Vocabulary¶
These are the core terms used throughout the docs and the API. They align with the project’s repository-level glossary.
Dual graph¶
The geographic adjacency graph that gives meaning to an assignment. Nodes are geographic units (census blocks, VTDs, tracts, precincts); edges connect units that are adjacent. The dual graph fixes a node ordering — which unit is index 0, which is index 1, and so on.
In Python, dual graphs are read and written in NetworkX adjacency format (a JSON shape).

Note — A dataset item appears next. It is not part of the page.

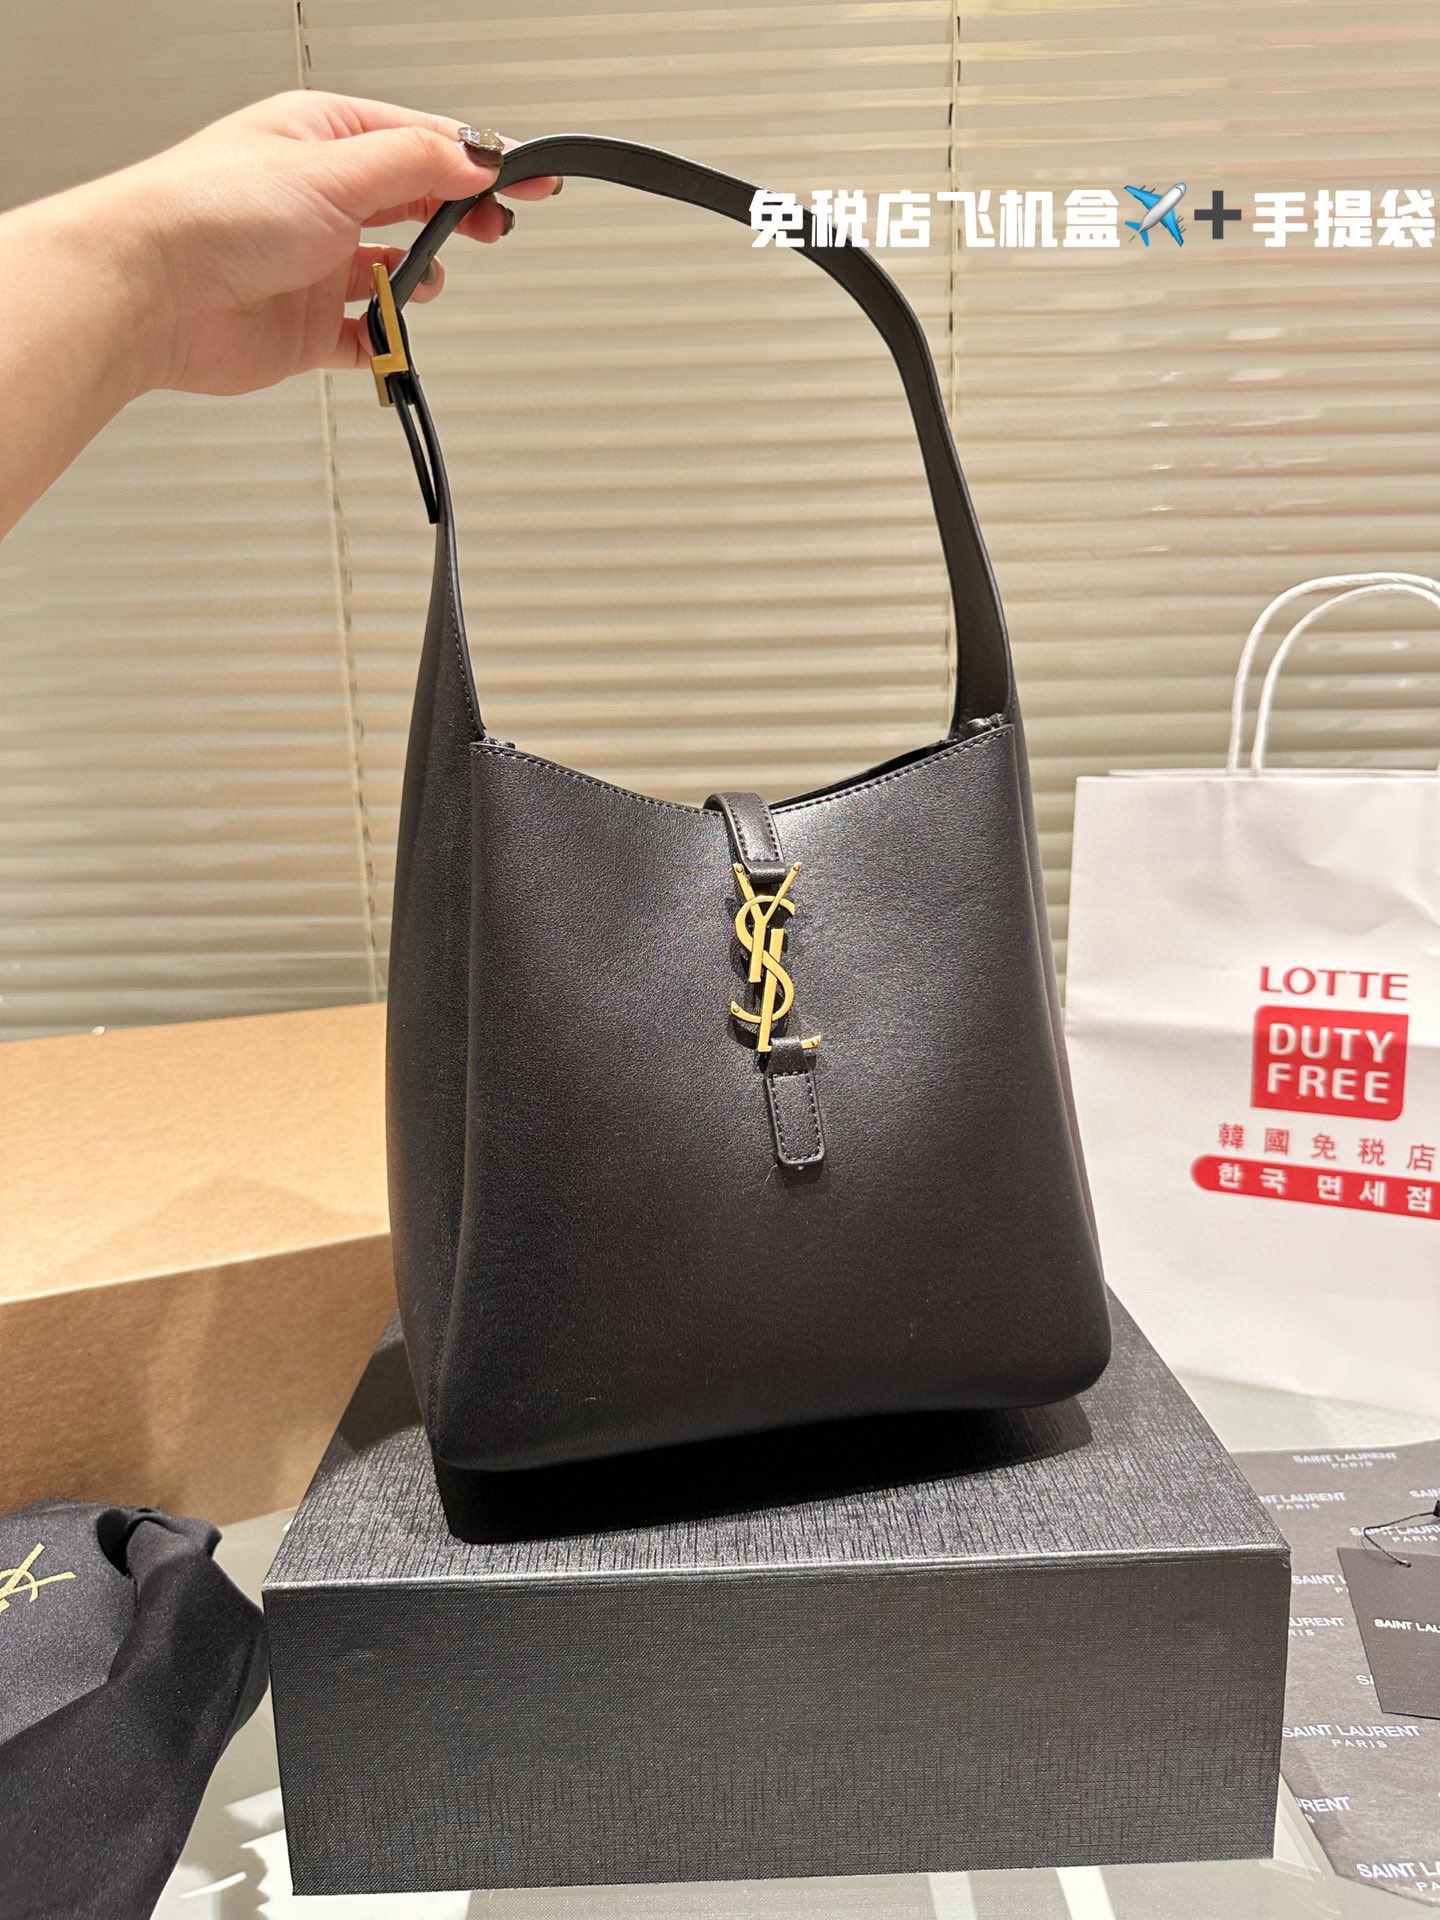 Yves Saint Laurent Handbags Tote Bags Deerskin Fashion

BendlDecoder.read_graph() hands one back to you as a live networkx.Graph.
Plan¶
The mathematical object: a partition of the dual graph’s nodes into districts. A plan is label-free up to relabeling — renumbering the districts gives the same plan.
Assignment¶
The concrete vector encoding of a plan: a list of integers of length N (the number of nodes), where index i holds the district id of node i, in dual-graph node order.
assignment = [1, 1, 2, 2, 3, 3] # node 0 -> district 1, node 2 -> district 2, ...

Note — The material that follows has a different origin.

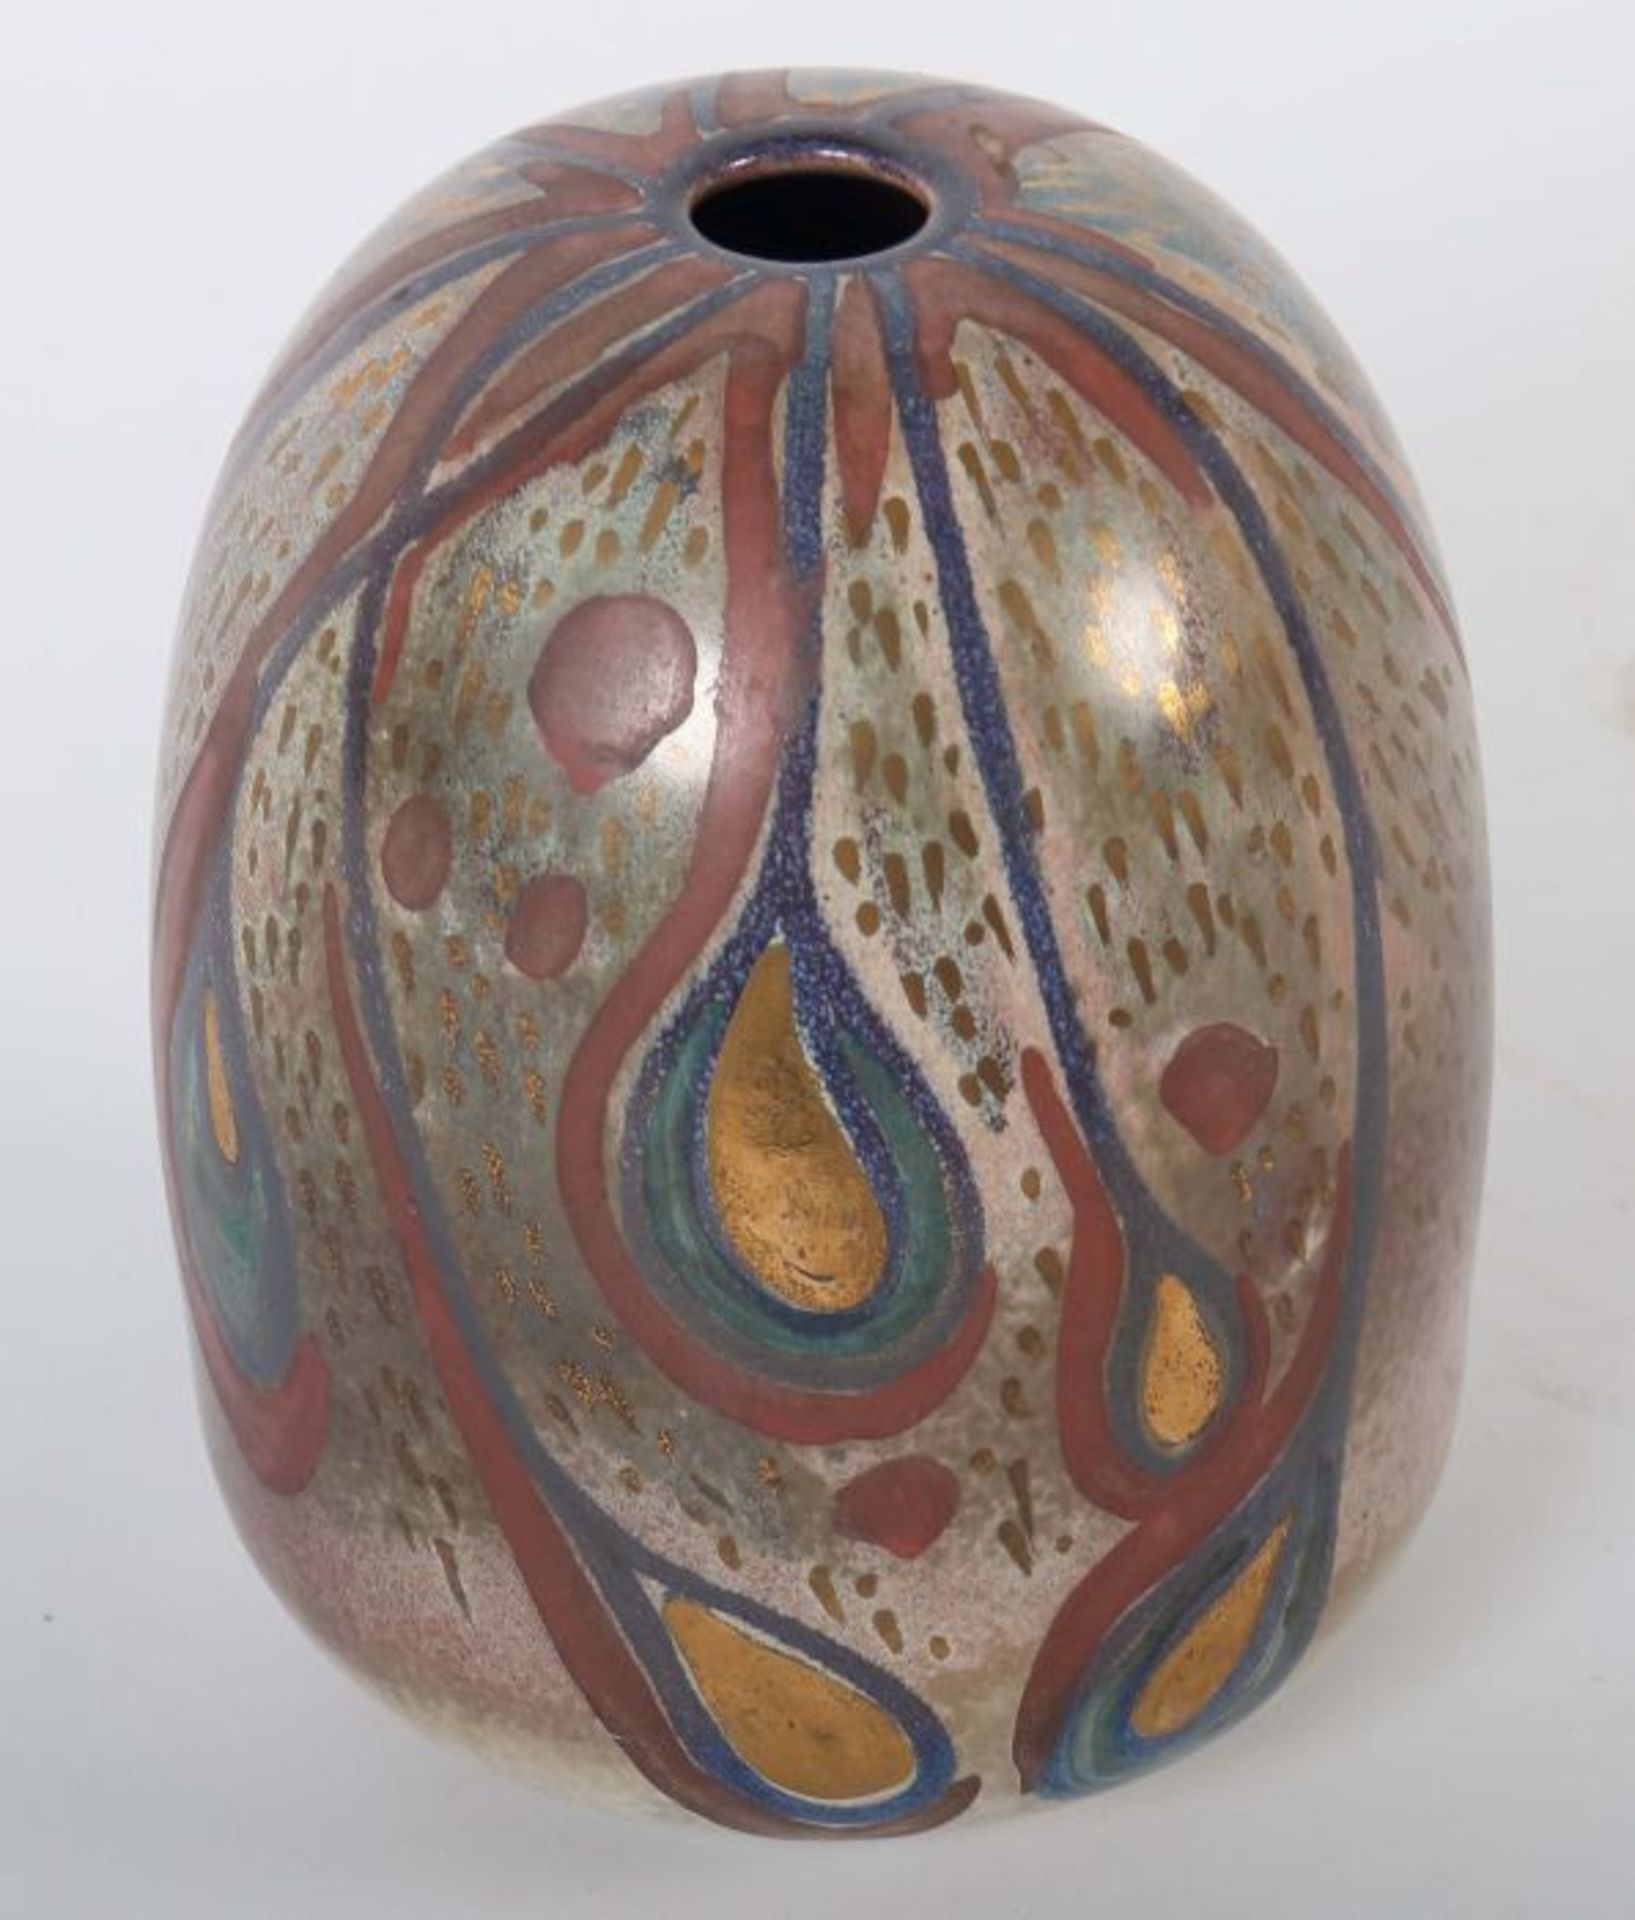 Vase Wohl 2. Hälfte 20. Jh., bräunlicher Scherben, das Dekor tropfenförmig in Rostrot, Gold, Blau - Bild 3 aus 4

An assignment uniquely determines a plan, but a single plan has many valid assignments (one per node ordering and per district relabeling). This freedom is exactly what the compression levers exploit.
Node order is load-bearing
An assignment only means something with respect to a particular dual graph’s node order. If you write assignments in one order and read them against a graph in another, you get silent nonsense. This is why bundles embed the graph — so the order travels with the data.
District id¶
The integer values inside an assignment. A district id is any integer from 0 to 65535 (it must fit in 16 bits) — far beyond any real statewide map.
Sample¶
One entry in an ensemble: the pair (sample_number, assignment). The sample_number is
1-indexed — decoded ensembles always start at sample 1.
Ensemble¶
An ordered stream of samples produced by a single sampler run. Conceptually it’s a
probabilistic draw from the space of plans. Every .ben, .xben, and .bendl file wraps
exactly one ensemble.
Sample count¶
The number of draws an ensemble represents, always counted in expanded terms. When a
variant collapses five identical consecutive samples into one frame, the sample count still
goes up by five, not one. len(decoder) reports this expanded count.
Variant¶
How a stream encodes its frames internally — one of standard, mkv_chain, or twodelta.

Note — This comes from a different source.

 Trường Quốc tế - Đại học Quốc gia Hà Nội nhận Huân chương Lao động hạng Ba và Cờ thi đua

A variant is fixed for an entire stream when you encode, and decoding auto-detects it, so
you never specify a variant when reading. See Encoding variants.
Sampler vs chain¶
Sampler — any algorithm that produces an ensemble (covers both MCMC and SMC).
Chain — specifically an MCMC method, where the Markov property matters.
Use sampler unless you specifically mean a Markov chain.
Preferred wording¶
Use these terms consistently in docs, examples, and user-facing messages.
Prefer |
Avoid |
Reason |
|---|---|---|
|
|
The container is BENDL; the embedded stream may be BEN or XBEN. |
assignment stream |
plan stream, map stream |
The bytes store assignment vectors, not geometries or rendered maps. |
assignment |
encoded plan, vector plan |
An assignment is the concrete |
sample |
step, row |
A sample is one decoded assignment in an ensemble. |
graph order or node order |
file order, JSON order |
The order is the positional contract between graph and assignments. |
reorder |
relabel, sort labels |
Reordering changes node positions. |
district relabeling |
reordering districts |
Relabeling changes district ids, not node positions. |
|
|
Bundle filenames should have one |
When a page needs to mention both node reordering and district relabeling, name both explicitly. They are different compression levers.